El núcleo de estos ataques fue la necesidad de eliminar en la literalidad lo que nunca podrían desarraigar de la memoria colectiva del Pueblo. En ese sentido, la ofensiva contra lo material, la vulneración del cuerpo, supone que con la muerte no se clausura el mito.

En ese sentido se entiende la figura del desparecido, inaugurada por Videla. Horacio González en su texto "Una imagen filmada de Azucena Villaflor" destaca que al afirmar que los cuerpos no existen, “confundía la supuesta inexistencia del problema con la inexistencia de los cuerpos vulnerados”.
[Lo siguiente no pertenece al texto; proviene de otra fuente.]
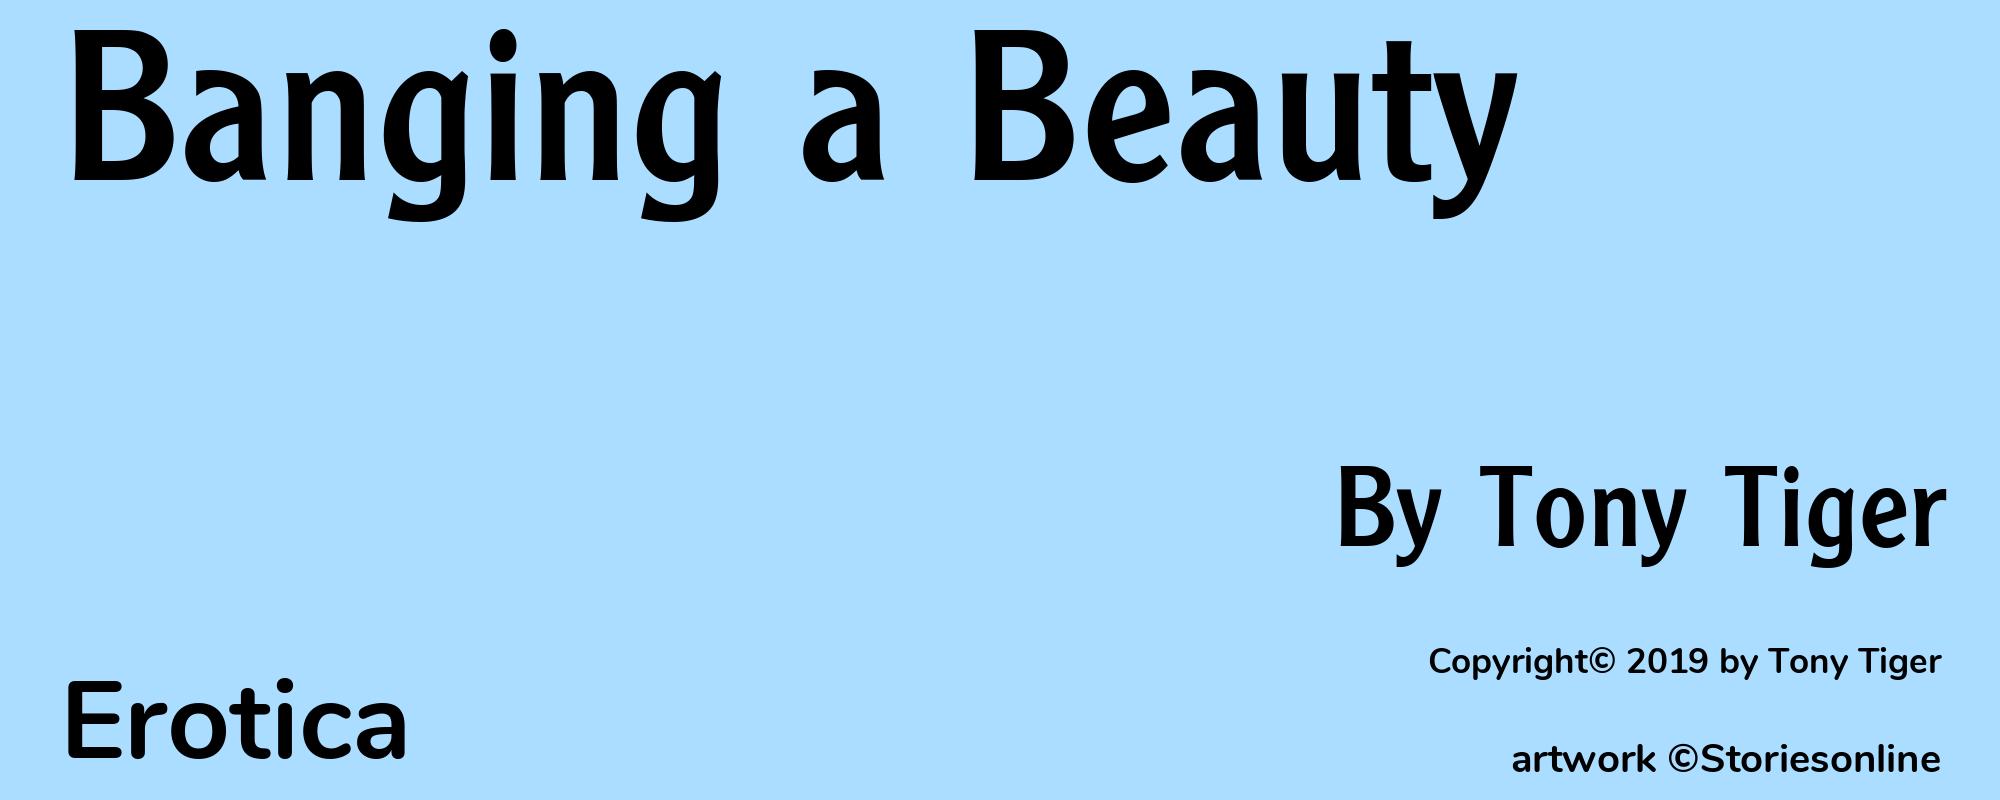 Banging a Beauty - Cover

El monopolio del terror del Estado genocida necesitó, como los líderes de la Fusiladora, no solo deshacerse de ellos físicamente, sino impedir su reproducción. El robo sistemático de bebes impidió a toda una nueva generación reconocerse en sus orígenes, en su identidad. Se reduce a una cuestión de linaje de la que no quedan exentas las Madres.

Así se entiende la desaparición de Azucena Villafor, que recupera González. Su testimonio, mediatizado por los medios masivos de comunicación, se reproduce una y otra vez, agigantando su voz imperativa, el vértigo de sus declaraciones. Un enunciado fundador, como caracteriza González: “Testimonio de vidas que no contienen la muerte actual pero la anuncian quedamente”.